---------- INFORMATION ----------

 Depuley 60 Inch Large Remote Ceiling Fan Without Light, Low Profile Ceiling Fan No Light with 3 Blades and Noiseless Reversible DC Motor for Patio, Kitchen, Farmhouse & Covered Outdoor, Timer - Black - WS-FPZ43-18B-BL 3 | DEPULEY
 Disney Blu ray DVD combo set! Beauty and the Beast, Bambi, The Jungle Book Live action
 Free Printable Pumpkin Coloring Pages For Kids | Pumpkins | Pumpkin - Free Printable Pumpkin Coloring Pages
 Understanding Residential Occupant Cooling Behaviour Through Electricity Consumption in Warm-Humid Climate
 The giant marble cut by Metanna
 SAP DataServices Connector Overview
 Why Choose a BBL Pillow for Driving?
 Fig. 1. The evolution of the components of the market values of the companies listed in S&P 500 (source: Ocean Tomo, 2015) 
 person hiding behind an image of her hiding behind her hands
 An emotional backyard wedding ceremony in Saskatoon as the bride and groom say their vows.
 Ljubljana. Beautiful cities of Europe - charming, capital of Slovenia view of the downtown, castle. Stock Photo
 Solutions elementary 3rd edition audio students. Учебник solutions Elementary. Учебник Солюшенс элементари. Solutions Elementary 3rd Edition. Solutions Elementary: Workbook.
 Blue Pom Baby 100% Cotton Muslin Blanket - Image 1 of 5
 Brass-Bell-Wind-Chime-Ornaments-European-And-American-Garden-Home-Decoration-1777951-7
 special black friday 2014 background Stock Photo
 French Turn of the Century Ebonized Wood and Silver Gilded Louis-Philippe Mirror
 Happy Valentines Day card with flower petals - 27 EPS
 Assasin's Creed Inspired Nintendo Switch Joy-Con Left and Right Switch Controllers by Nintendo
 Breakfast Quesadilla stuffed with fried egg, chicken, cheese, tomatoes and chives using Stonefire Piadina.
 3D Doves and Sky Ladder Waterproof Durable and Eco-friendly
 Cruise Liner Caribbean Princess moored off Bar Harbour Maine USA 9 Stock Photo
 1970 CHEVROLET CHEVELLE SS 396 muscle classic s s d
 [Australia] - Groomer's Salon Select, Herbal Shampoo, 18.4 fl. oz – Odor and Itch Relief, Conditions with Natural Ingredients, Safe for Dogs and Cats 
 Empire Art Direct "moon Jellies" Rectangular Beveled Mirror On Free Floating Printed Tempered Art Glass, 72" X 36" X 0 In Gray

----------

TASK REQUIREMENTS:
Among the entries above, how many lines have the string "Stock" in them? Only the number should be given.

ANSWER TO THE PROBLEM:
3